GFP-positive cells from transplanted cells showed only Six2-positive NPCs when transplanted into a kidney of an NPC replacement model, despite transplant cells containing SPCs (Figure 7C, right panel, yellow triangle; Supplemental Figures 2 and 4). Six2-negative cells were attached to the circumference of Six2-positive cells but did not express GFP. In addition, we even found the GFP-expressing glomeruli and renal tubules inside the kidney of the kidney-deficient mouse (Figure 7, E–H). The tubule structures expressed Cadherin 1 (distal marker) and megalin/AQP1 (proximal marker) (Figure 7, E and F).
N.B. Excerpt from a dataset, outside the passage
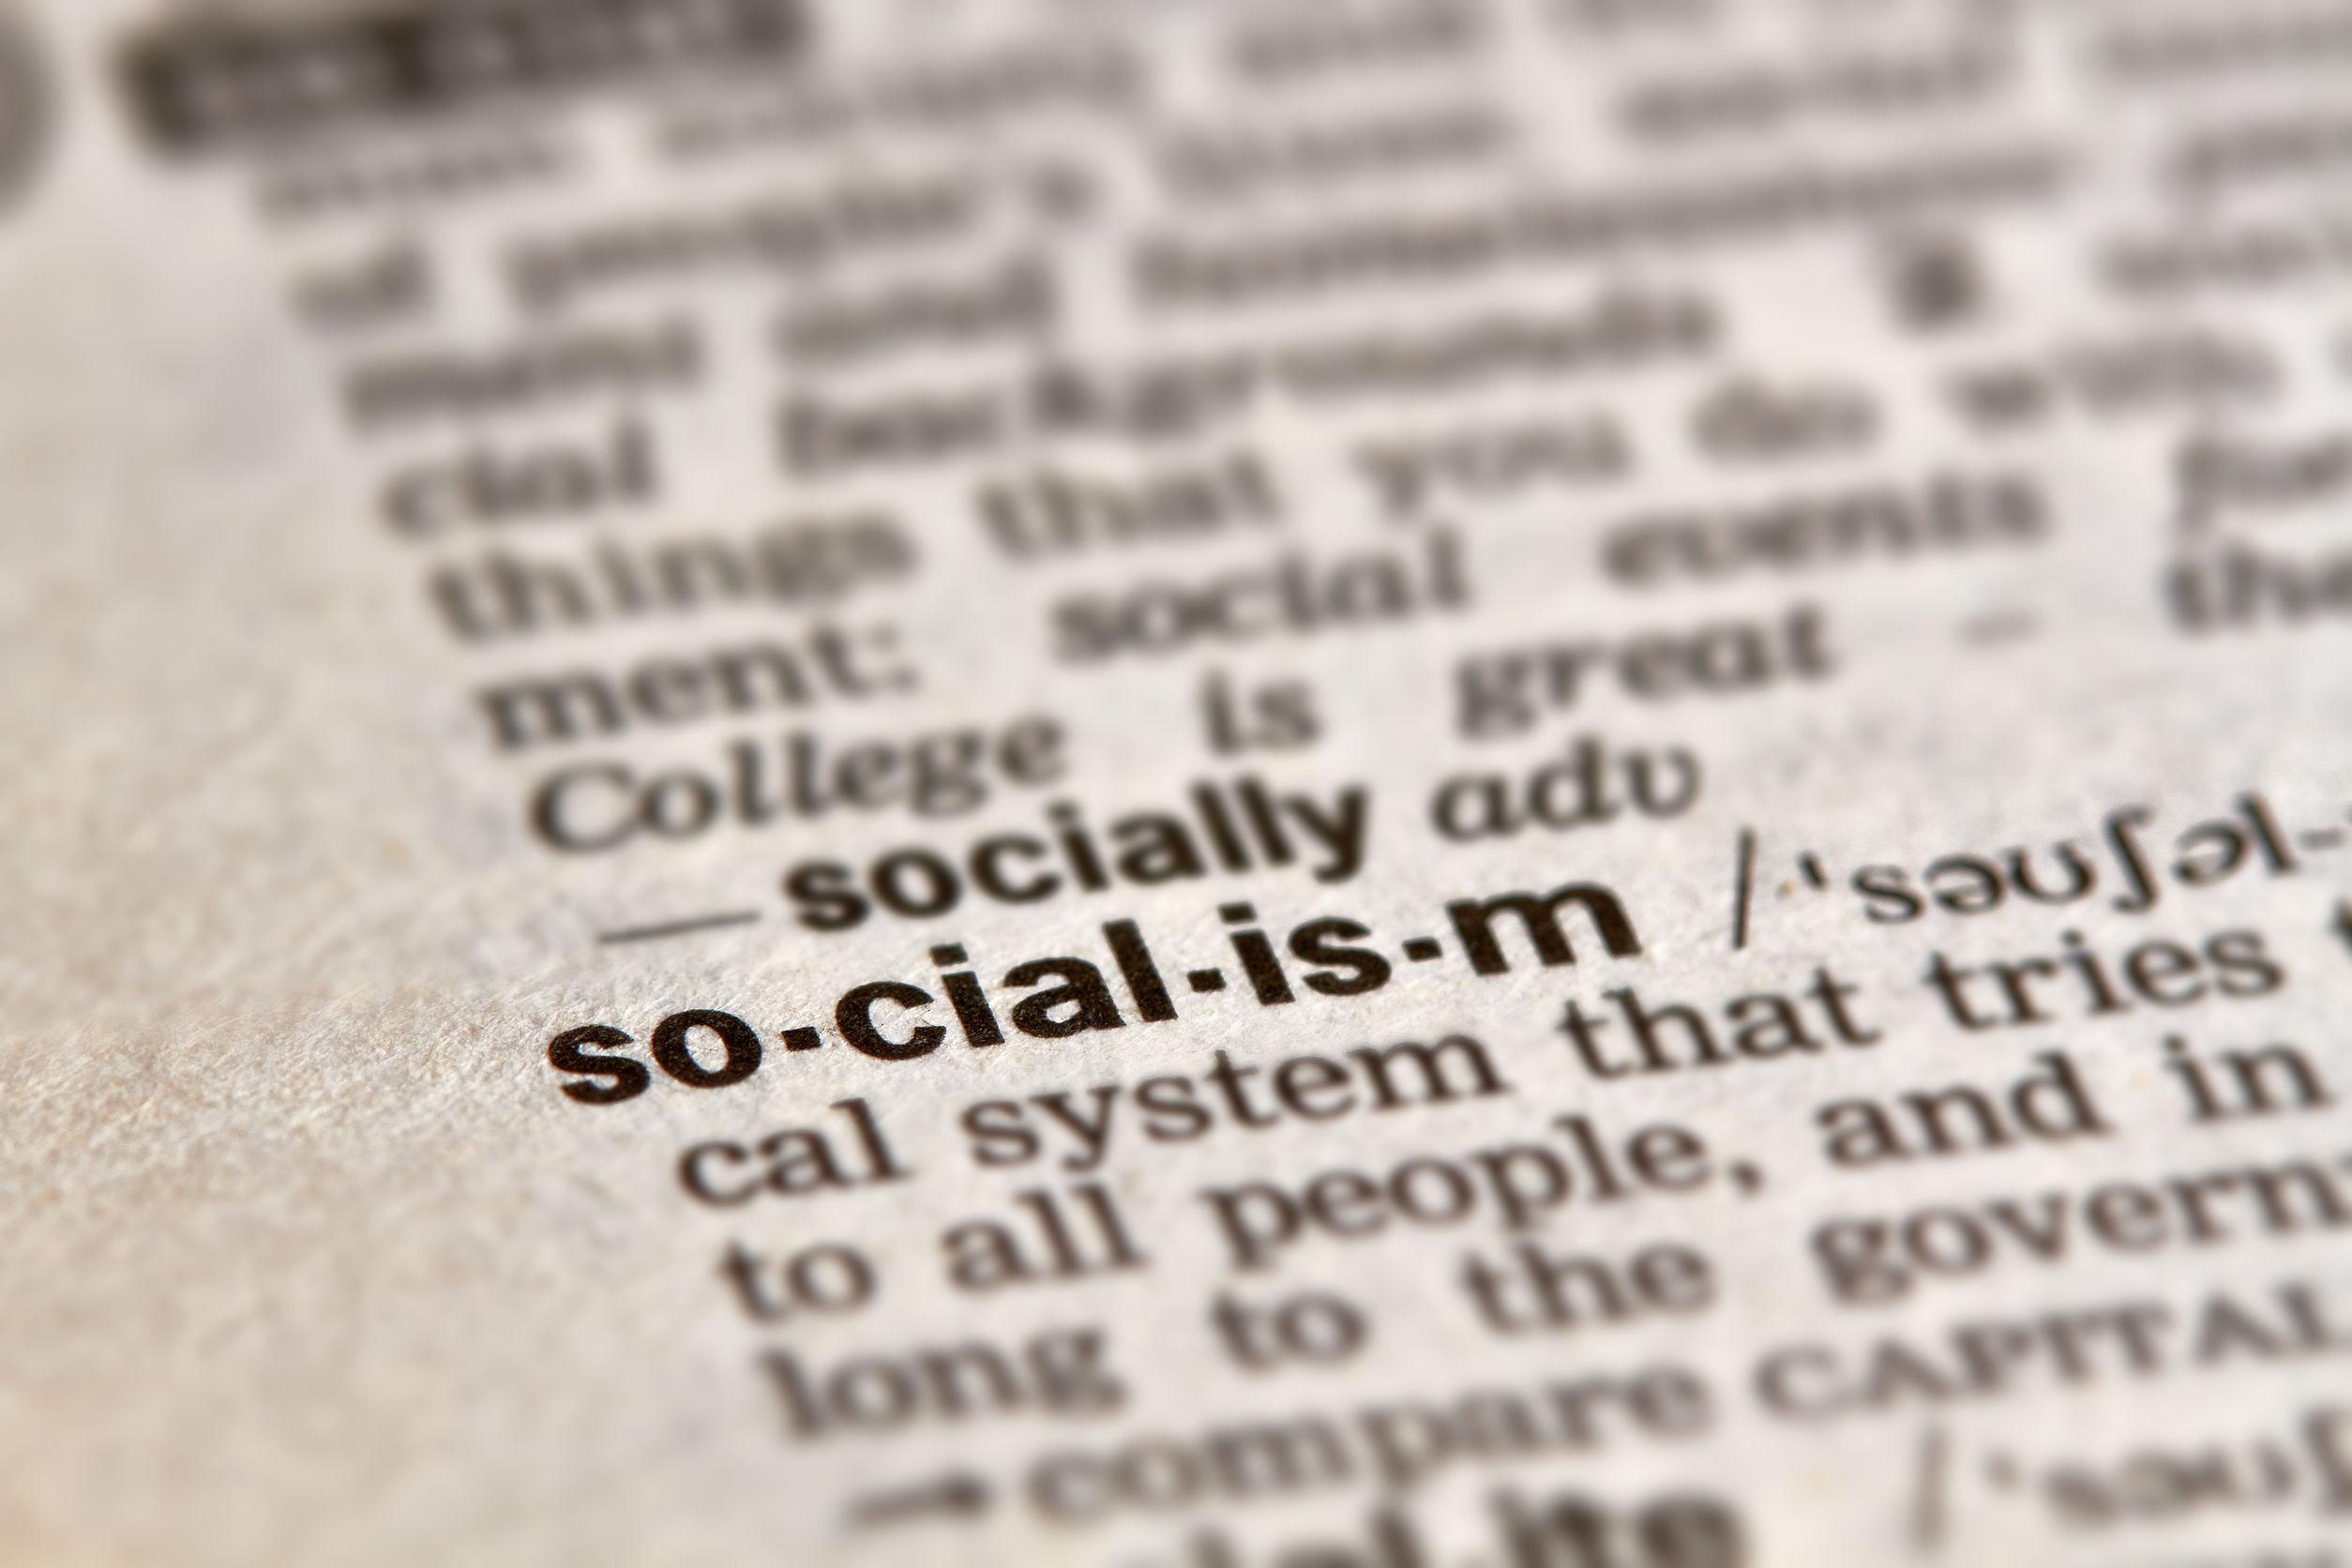 #CentenarulRosu: De la utopia socialistă, la eşecul comunismului şi destrămarea Pactului Varşovia (I)

Glomerulus structures displayed podocin-immunopositive capillary loops with CD31- and AQP1-positive vascular endothelial cells inside the basement membrane (Figure 7, G and H). AQP1 is expressed in the glomerular capillary system at the developmental stage.²⁶ The glomerular capillary inside the regenerated glomeruli revealed a host-derived tissue because it was GFP negative (Figure 7, G and H).

Donor RPC Implantation and Differentiation Rates

When RPCs were transplanted into wild-type mice, living fetuses were obtained from 74% of animals (Figure 1I, Table 1). Moreover, GFP-positive cells were present inside the living fetuses in approximately 80% of the individuals, as confirmed by fluorescence stereomicroscopy (Table 1). When GFP-positive cells were analyzed by quantitative PCR and immunofluorescence using frozen sections, all specimens showed differentiated nephrons (Table 2). At transplant sites, the proportion of transplanted cells inside the kidney was 18%. In 82% of the cases, the transplanted cells existed outside the kidney in the retroperitoneum (Table 1). Survival rate was 80% in the Six2Cre/iDTR mice (the NPC replacement model), with a GFP-positive cell retention rate of 88%. The rate of integration between the host kidney and the transplanted cells was 29% (Table 1).

Table 2.

Efficiency of the differentiation of transplanted cells into glomeruli

Experiments	Wild-Type Mouse Differentiated Nephron
IF	11 of 11 (100%)a
qPCR	8 of 8 (100%)b

IF, imunnofluorescence; qPCR, quantitative PCR.

^aImunnofluorescence staining confirmed Nephrin-positive glomerular structure.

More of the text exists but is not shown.